Originally Posted by
DrLeeCRogers
Most airports aren't actually Federal property. They are city, county, or port authority property. If you get arrested at the airport, you're arrested by the local police, not the FBI. Yes there are a mixture of Federal, State, and local laws that govern airports and travel, but the local government can enact laws more strict than the Federal laws. Hence, some airports don't allow smoking (by local law, even though there is no Federal law to ban smoking indoors). So the local municipality could make it illegal to operate a device to irradiate humans without a license, or something similar.
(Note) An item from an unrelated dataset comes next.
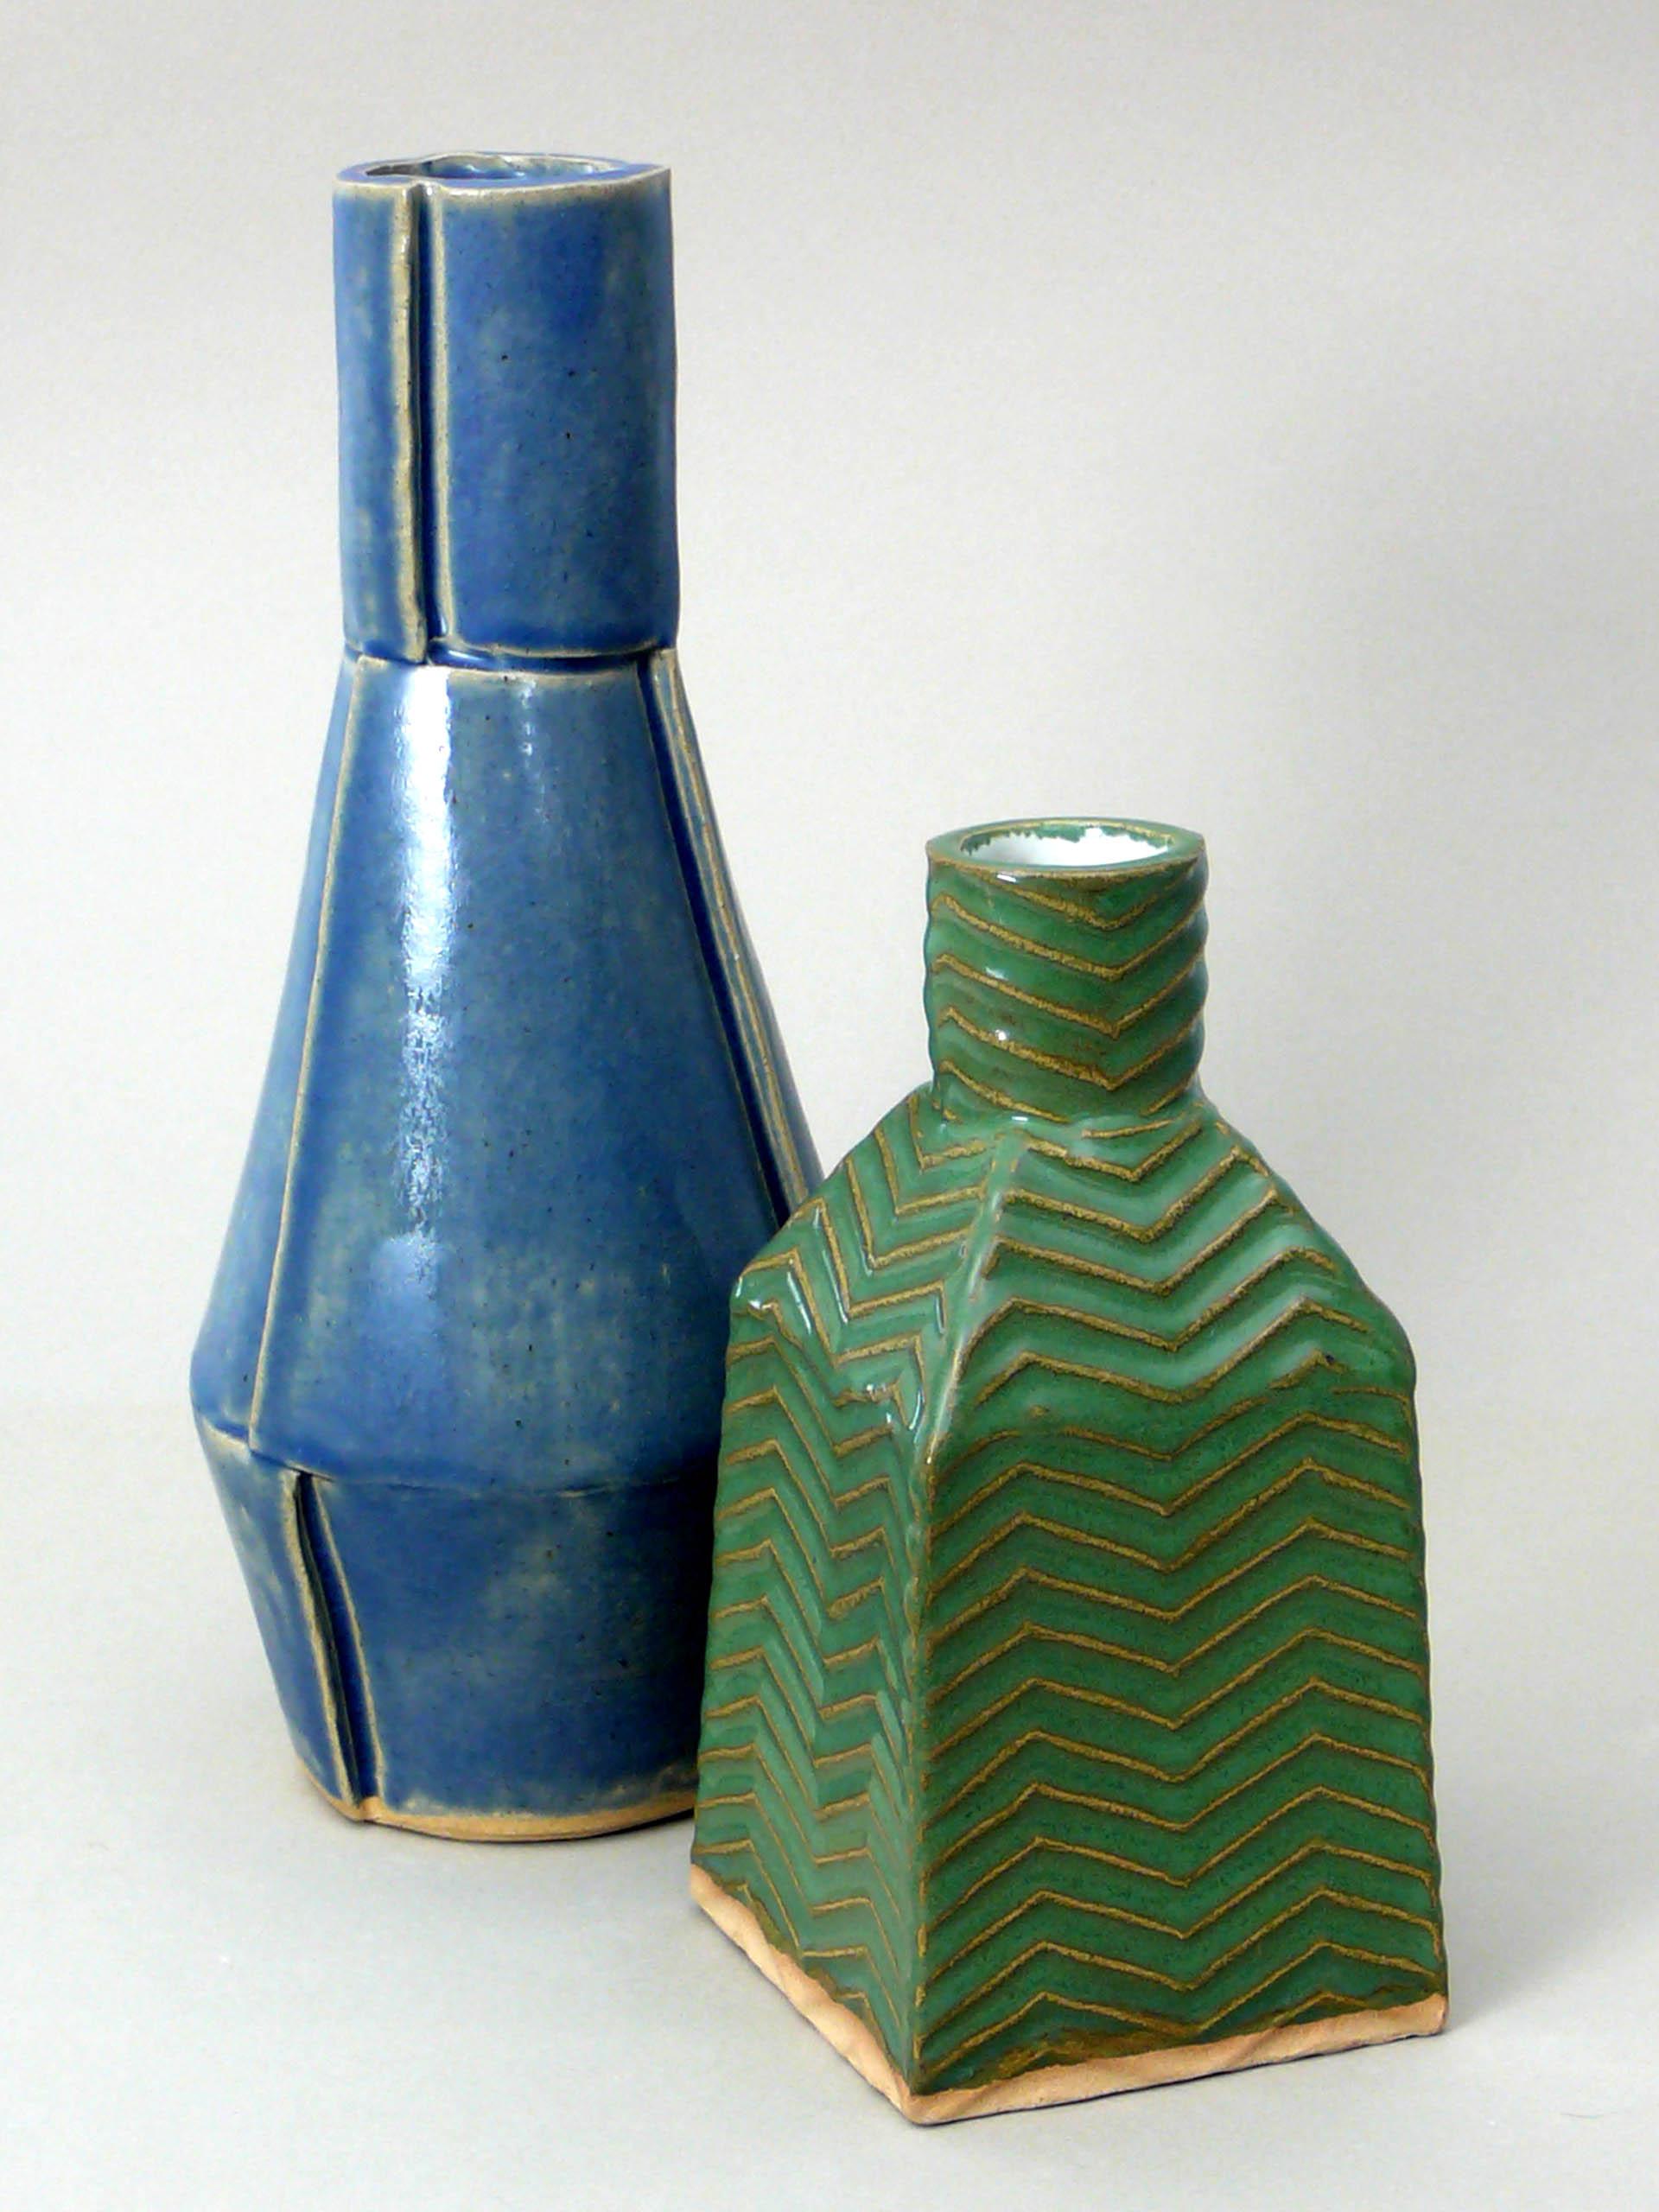 Panel Vase and Square Vase

Your smoking example is flawed because the
lack of a law isn't a "conflict". Whether the airport is Federal property or not isn't relevant either.
However, I think the supremacy issue is a bit more complex than
Lobbyist is acknowleging. The classic aviation-related example is that localities can't pass laws that purport to regulate flight paths because that conflicts with the Federal power to regulate aviation. But I think they
can issue time curfews and completely
close an airport, if they so choose. So it's not absolute.
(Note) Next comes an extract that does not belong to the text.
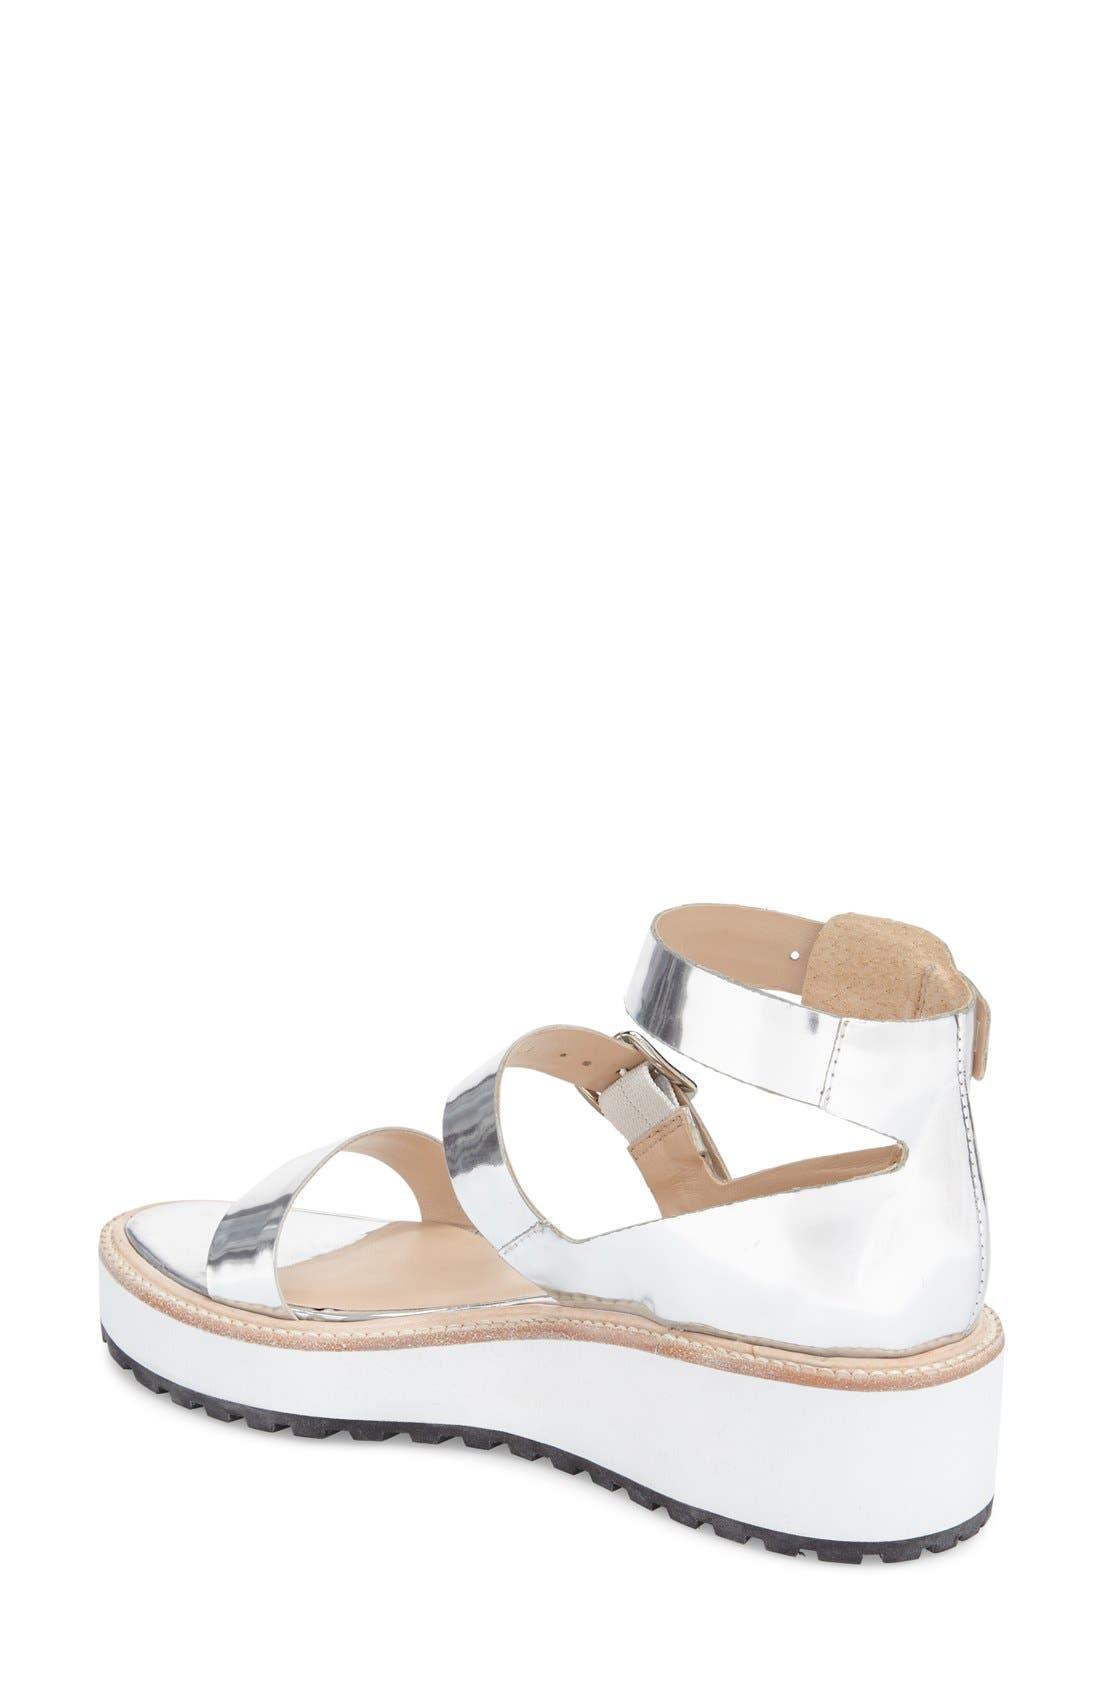 Alternate Image 2  - Loeffler Randall 'Pia' Platform Wedge Sandal (Women)

In the screening arena, there's no question that the legislation creating the TSA is sufficient to make unenforcable any local laws that would affect screening, but
only those part of screening that were "valid". If a court were to hold that the screening was unconstitutional, then the law is not "valid". For example, if a jurisdiction were to make operating an AIT a felony and charged a TSO under that statute and the court ruled as part of that prosecution that the AIT was a unconstitutional search, that prosecution may well succeed. IANAL, of course.